I know you're probably scoffing at me right now. "Chili? In July?" you're asking. And the answer is yes, folks, chili in July! I'm one of those people who enjoys soup year-round. Think about it for a minute. Soup is cooked on the stove-top, so it doesn't require an oven heating up the house. And since practically everyone eats a hot dinner, even in the summer, I don't see what the difference is between having soup in July and soup in January.
If my faultless (ha) logic hasn't convinced you, you'll be completely convinced when you try it. This chili is so good. The fire-roasted tomatoes, bacon, and smoked paprika give it such a wonderful smoky flavor. Since it's more smoky than spicy, even the boys enjoyed it. And it comes together in no time, and it's relatively healthy. I'll take a big bowl of this chili any day of the year!
Smoky Chicken and White Bean Chili
adapted from Tasty Kitchen
4 slices bacon, chopped
1 large onion, chopped
3 cloves garlic, minced
3 cups shredded chicken
1 teaspoon smoked paprika
1 teaspoon cumin
1 teaspoon chili powder
1 quart chicken stock
2 14.5-ounce cans fire-roasted tomatoes
2 14.5-ounce cans cannelini or Great Northern beans
7 ounces fire-roasted diced green chilies
Salt and pepper to taste
Shredded cheese for topping
1. In a hot Dutch oven, cook bacon for about 3 minutes.

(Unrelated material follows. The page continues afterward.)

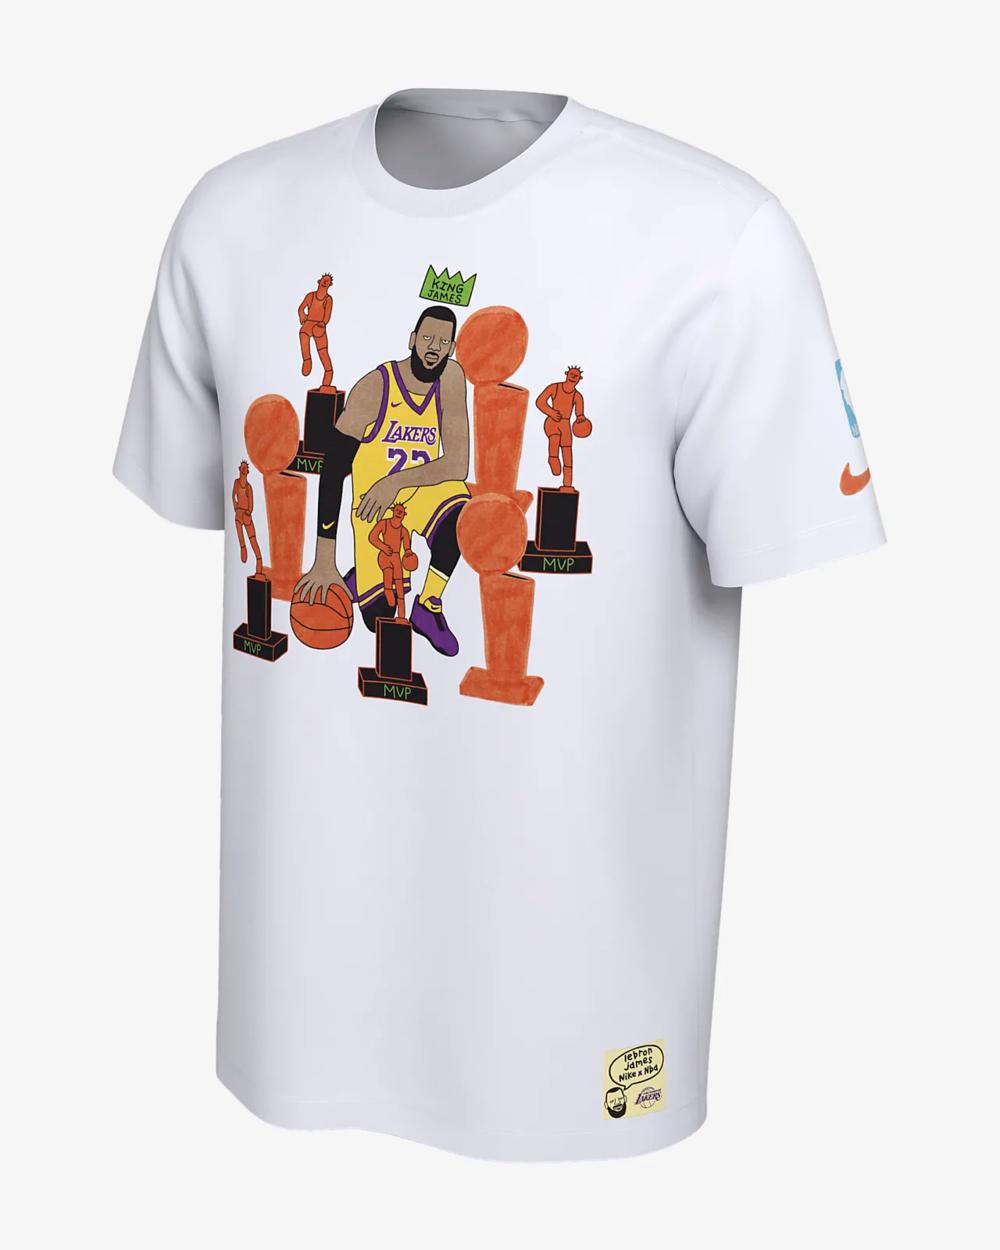 gangster-doodles-king-james-mens-nba-nickname-t-shirt-TNXtb5.png

2. Add the onion and garlic to the bacon. Lower the heat to medium low and cover pot. Cook, stirring as needed until the onions are translucent and just starting to caramelize.
3. Add the chicken, smoked paprika, ground cumin, and chili powder to the pot and continue to cook for 10 minutes, covered.
4. Stir in the chicken stock, diced tomatoes, white beans, and green chiles. Add salt and pepper to taste. Bring to a slow boil and cook, uncovered, stirring as needed until the liquid has reduced to your preferred thickness. Top each serving with shredded cheese.